This week, we have a new recording by one New Orleans icon paying tribute to another. It’s the latest release by Mac Rebennack, better known as Dr. John, a set of what could be called reinventions of tunes made famous by one of jazz’s most influential figures, Louis Armstrong. The CD is called Ske-Dat-De-Dat, The Spirit of Satch.
Seventy three-year-old Dr. John has had a storied career, going back to the late 1950 when he was hired as a studio musician as a teen. A native New Orleanian, his father ran a record store, so young Mac was exposed to the music at an early age. He started out on guitar, but when he was injured in his left ring finger by gunfire, he turned to piano. He fell into drug use, and moved to Los Angeles in part to try to get away from that scene. It was in Los Angeles that his Dr. John character began to evolve, culminating in his hit album Gris-Gris in 1968, in which his mixture of New Orleans funk, psychedelia and supposed voodoo influence fit in with the tenor of the times. Over the years, Dr. John has won six Grammy Awards for his music, including one for his last album Locked Down from 2013, and his output has been remarkably diverse. He has released over 30 albums under his own name, and he has been a storied sideman, adding his New Orleans piano to artists including James Taylor, Carly Simon and the Rolling Stones.
According to Dr. John, the idea for this album came to him in a dream. A young Mac Rebennack met Louis Armstrong and for a while, they shared a manager. Dr. John said in an interview with the Wall Street Journal that in the dream, Armstrong told him to do his music in Dr. John’s own way. In 2010, Dr. John met trombonist and arranger Sarah Morrow, when they were working together on the soundtrack for the film “Napoleonic.” She became one of Dr. John’s principal collaborators on the new album, writing many of the arrangements, including most of the horn treatments.

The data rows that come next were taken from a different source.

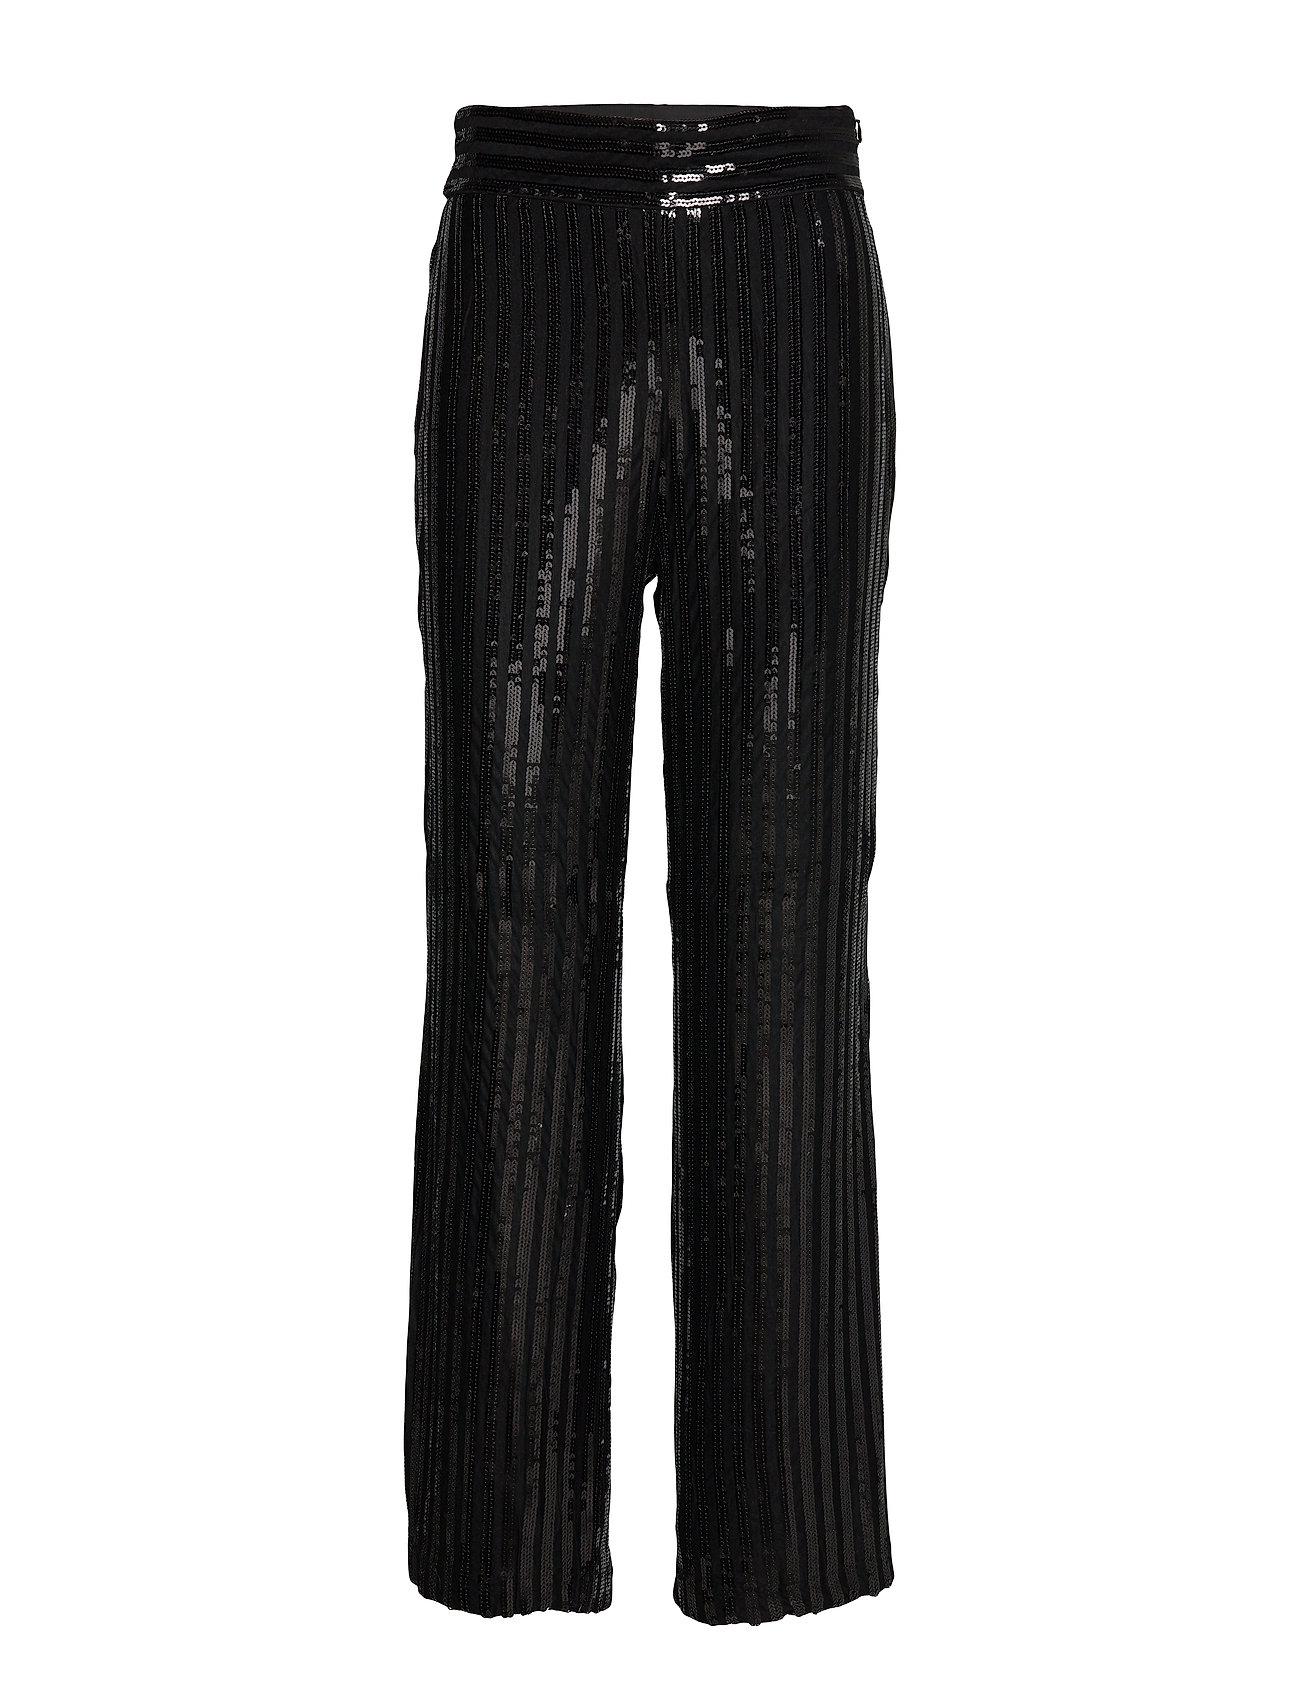 Twist & Tango Judi Sequin Trousers - BLACK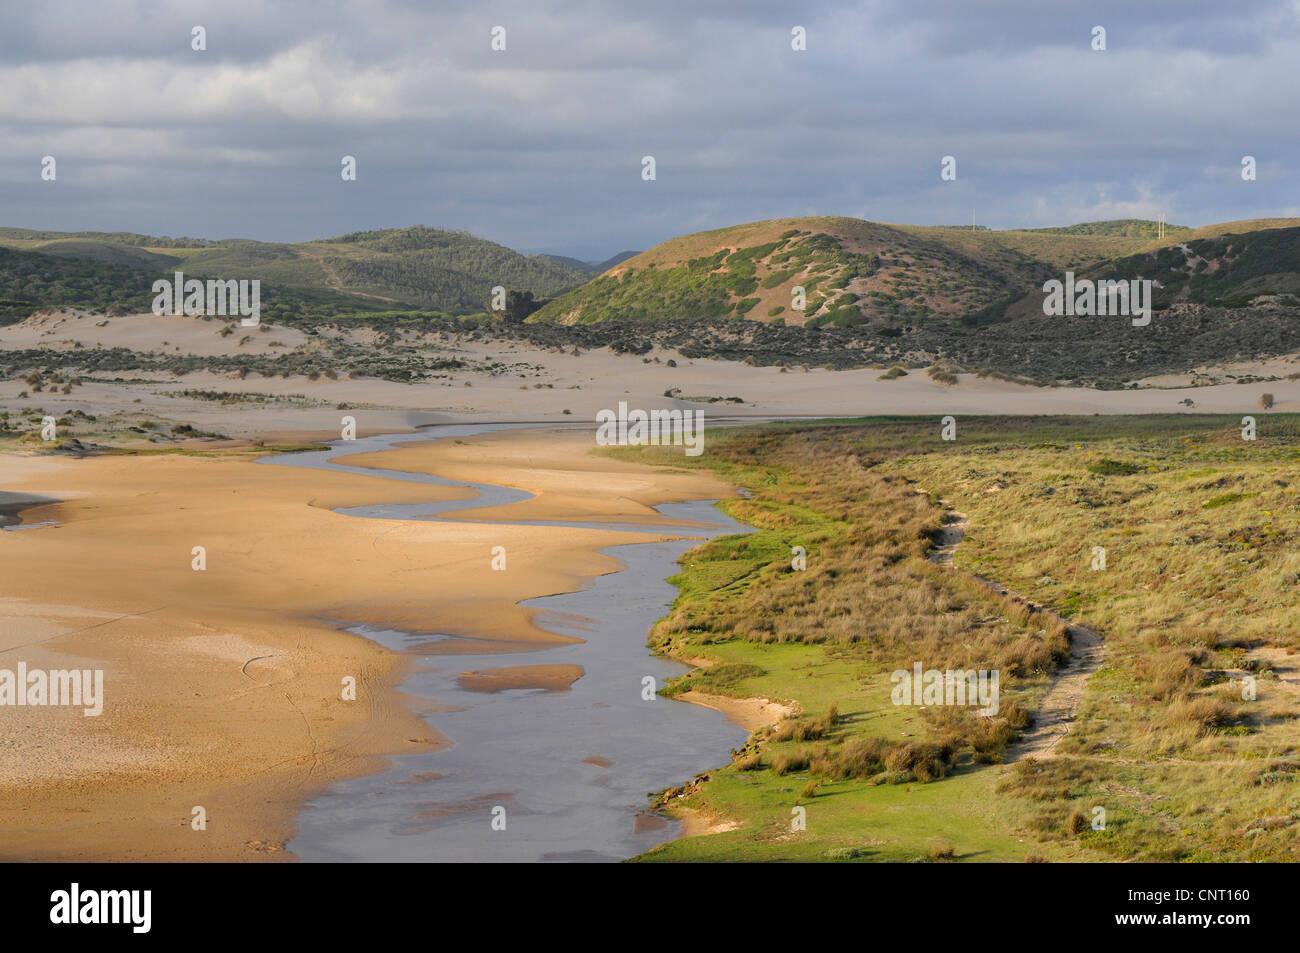 river delta in the Nature Park Carrapateira, Portugal, Algarve - Stock Image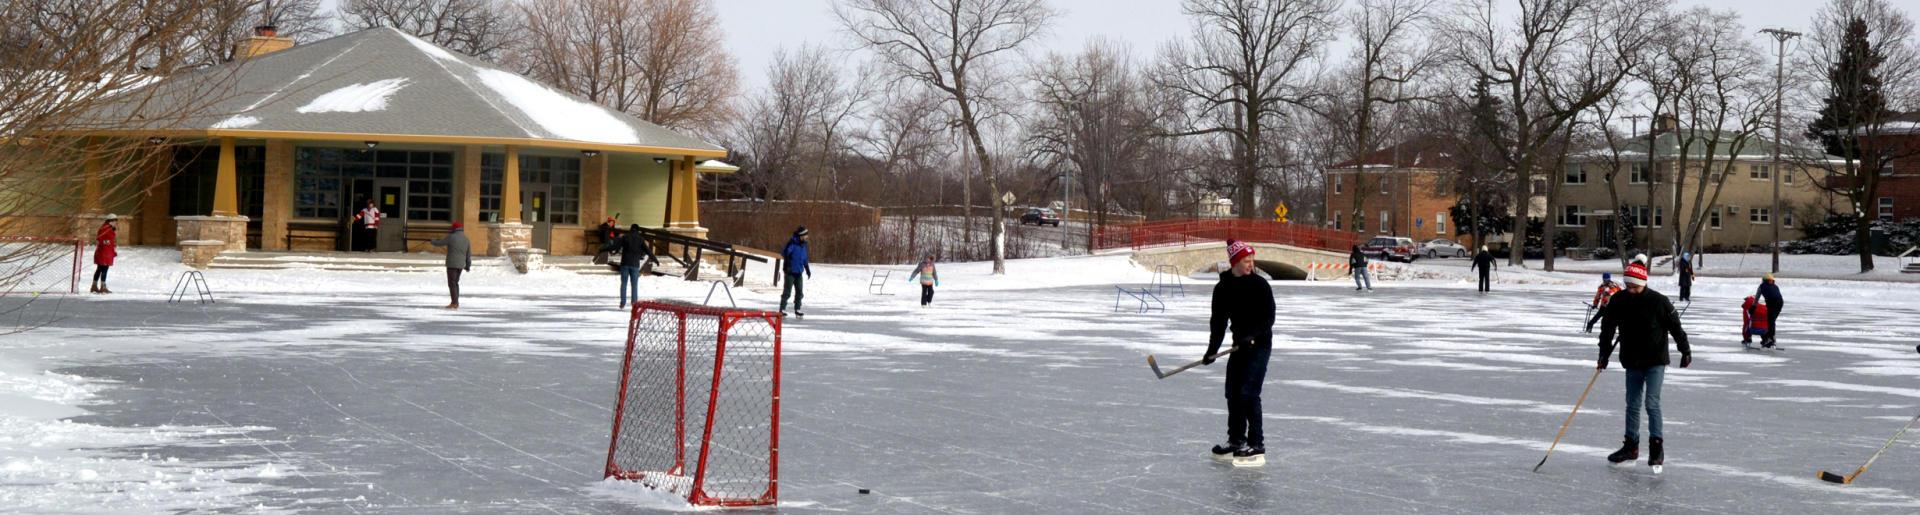 Tenney Park Ice Skating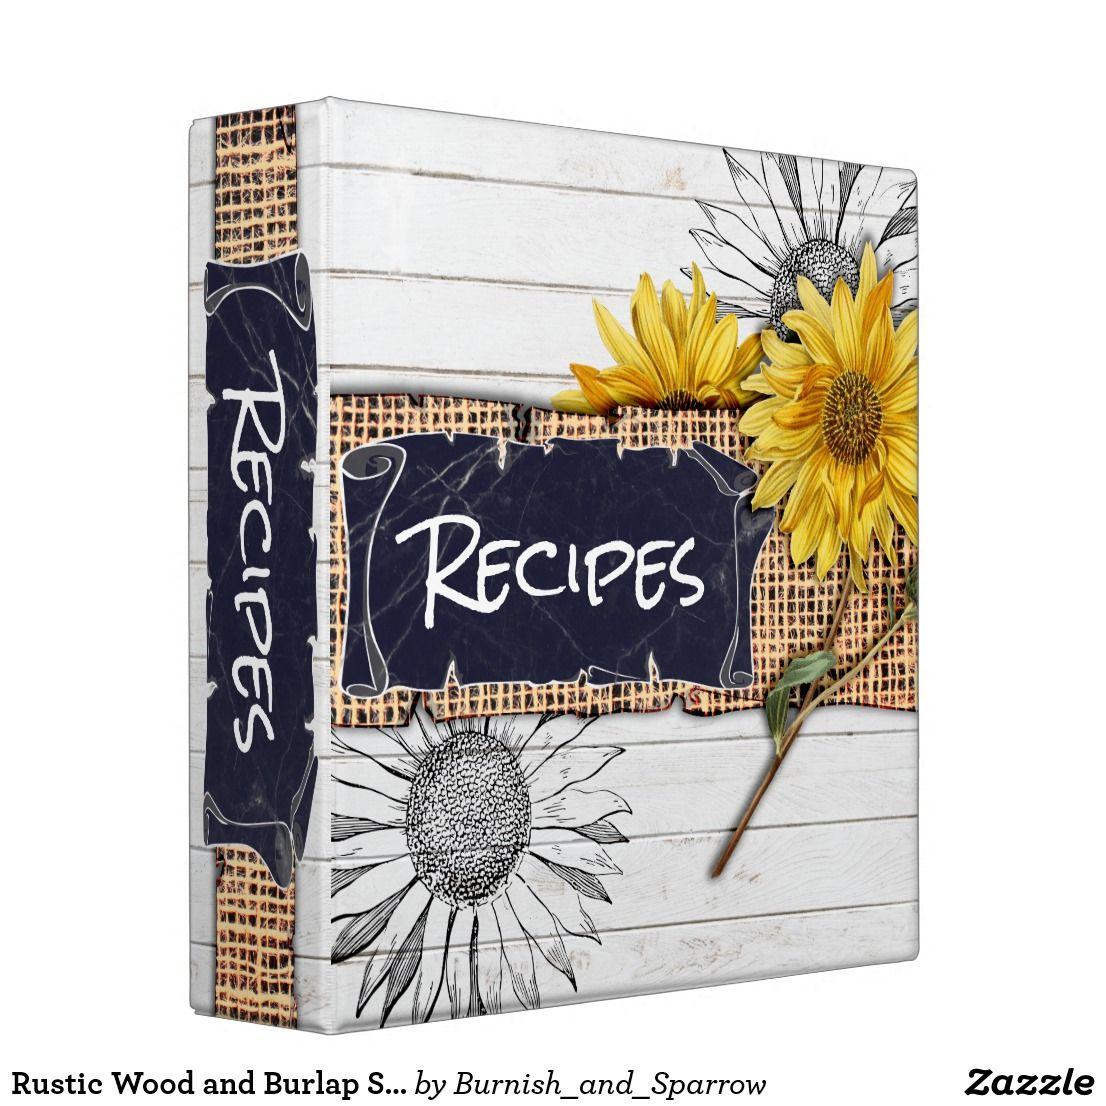 Rustic Wood And Burlap Sunflower Recipe 3 Ring Binder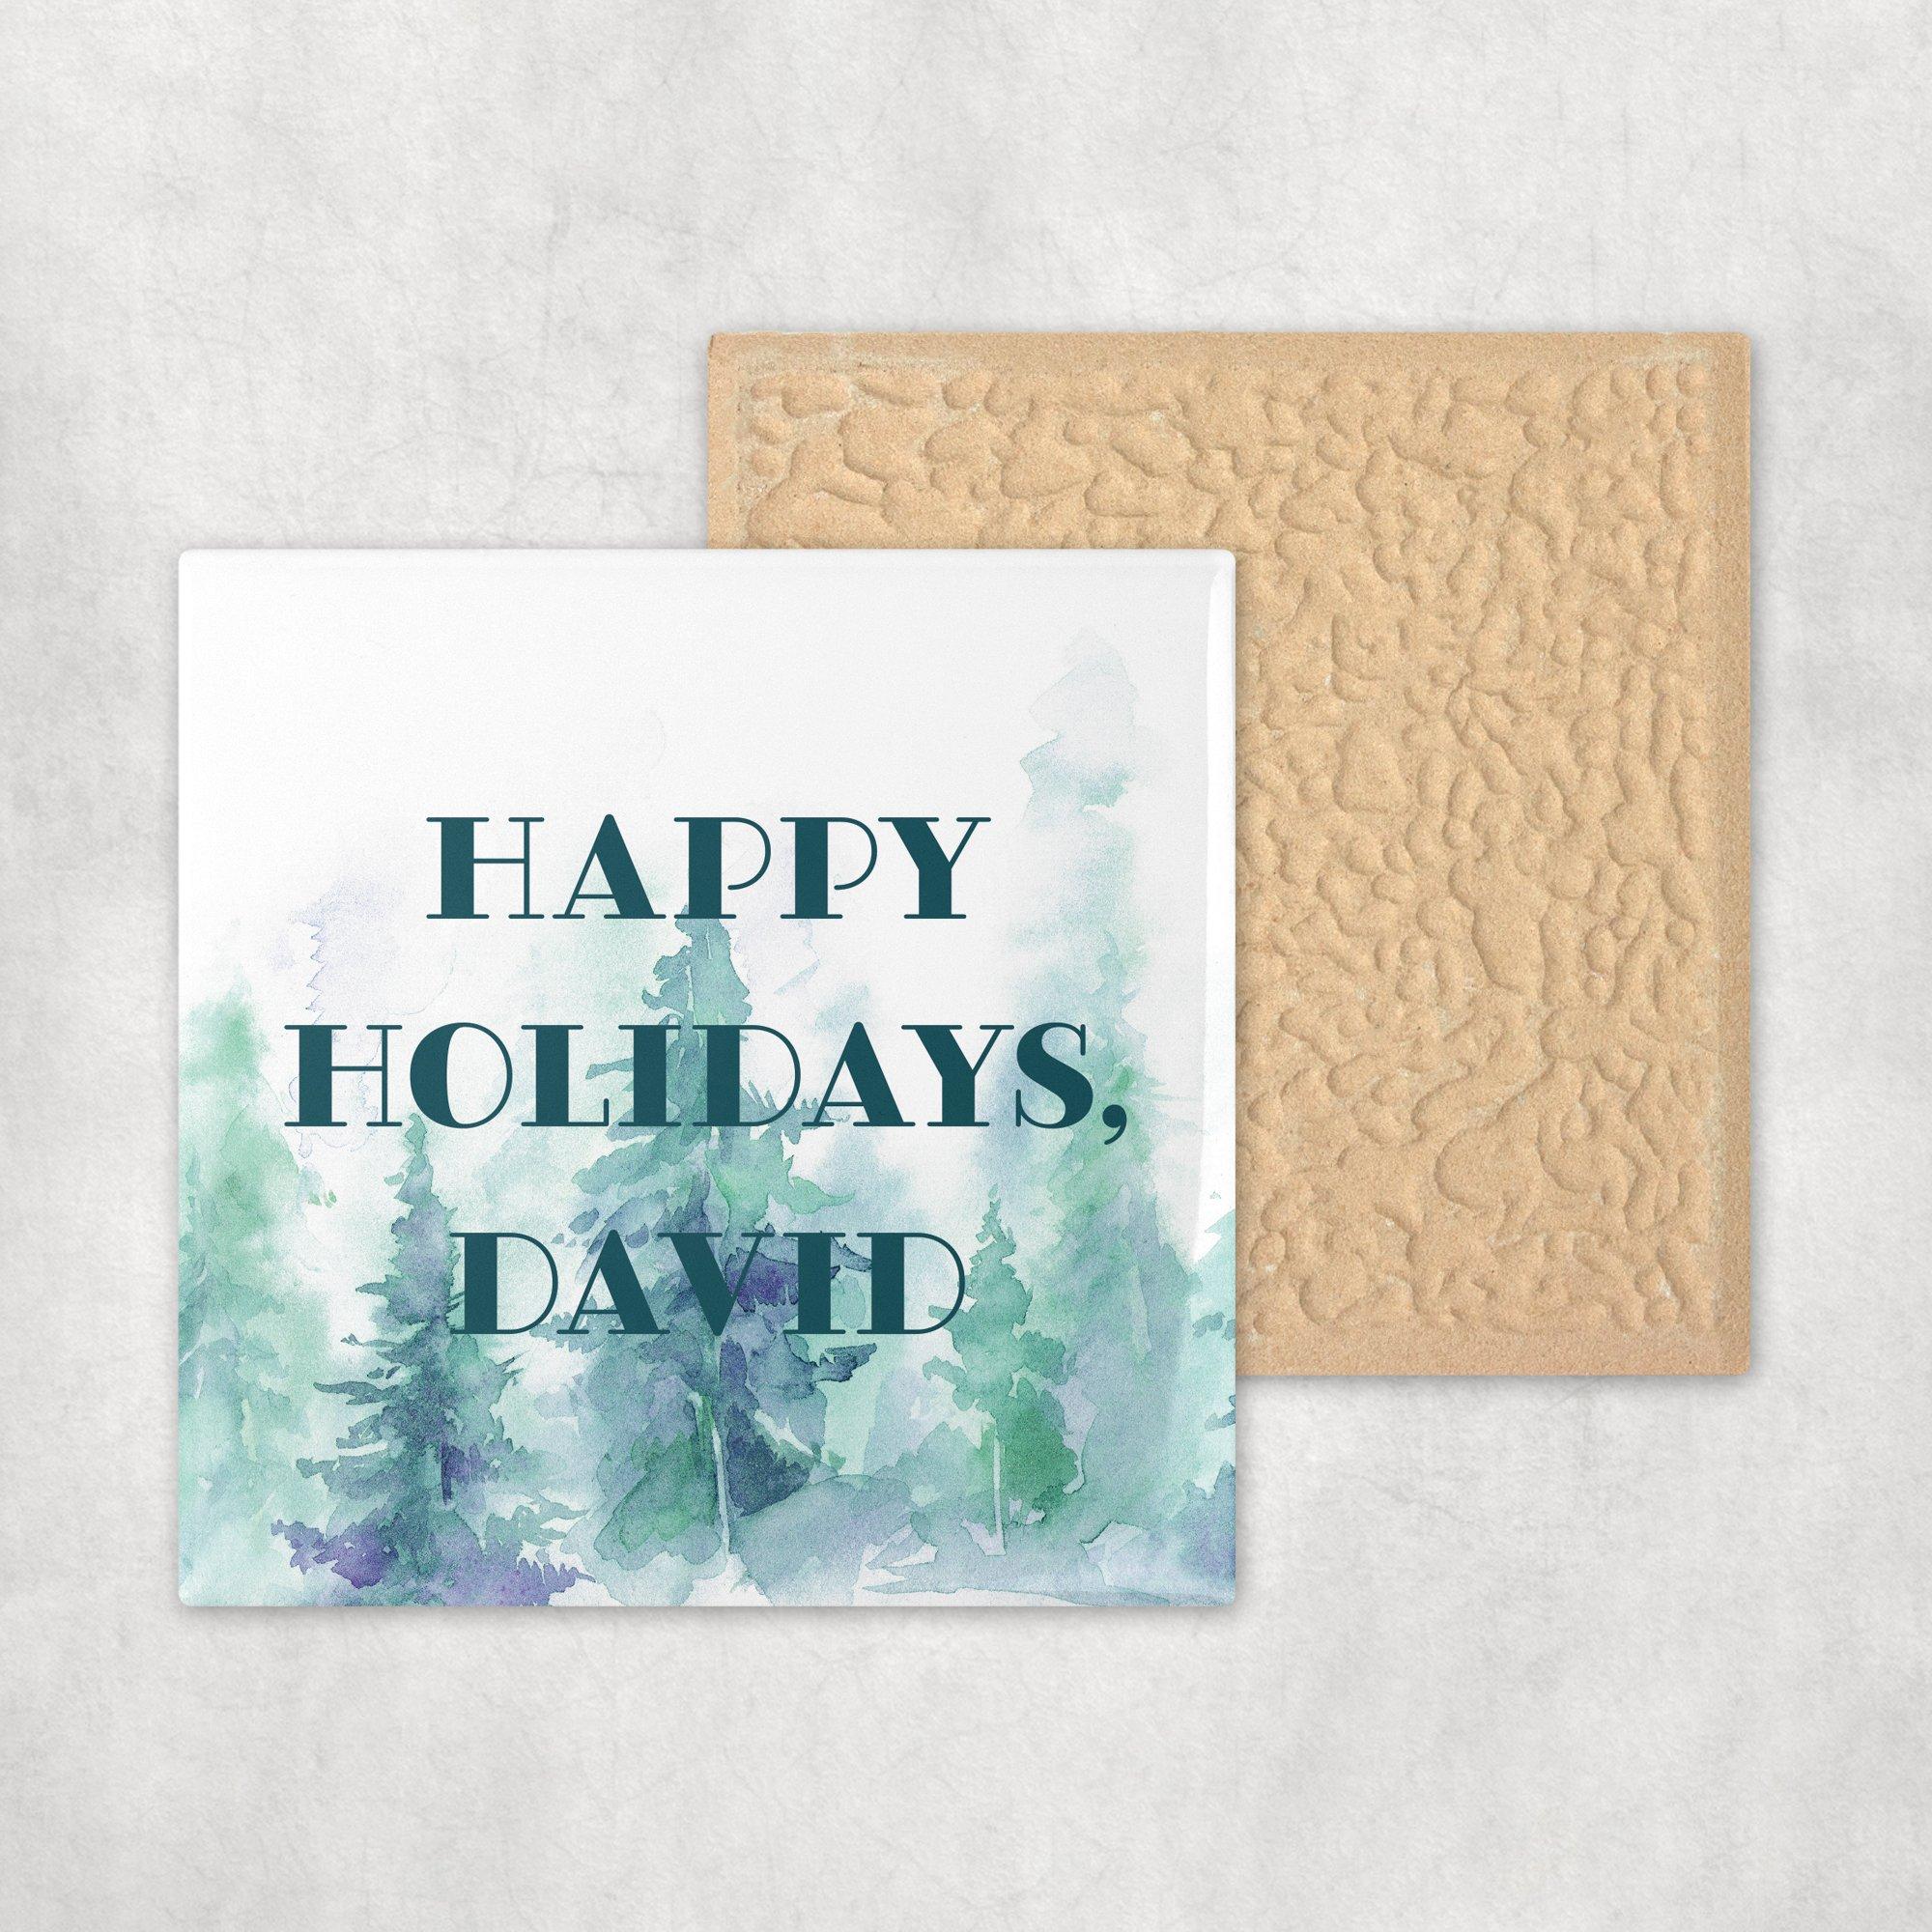 Ceramic Tile Corporate Gift Idea

With trumpet icon Armstrong being the subject of the tribute, trumpet is a fairly prominent part of this record. Most of the time, the trumpet soloist is Nicholas Payton, another New Orleans native, though Cuban-born jazz great Arturo Sandoval also appears. There are quite a few notable guests, including Bonnie Raitt, the Blind Boys of Alabama, blues singer Shemekia Copeland, Ivan Neville of the Neville Brothers, the members of the Dirty Dozen Brass Band, and a few other guest vocalists who are not as well-known, but quite appropriate for the material – in the way the songs are done on the CD.
Those familiar with the way Louis Armstrong did these songs are likely to be surprised by some of the arrangements. There’s definitely a New Orleans undercurrent, but Dr. John takes a rather more contemporary direction on these songs, to the point that one has a kind of rap segment.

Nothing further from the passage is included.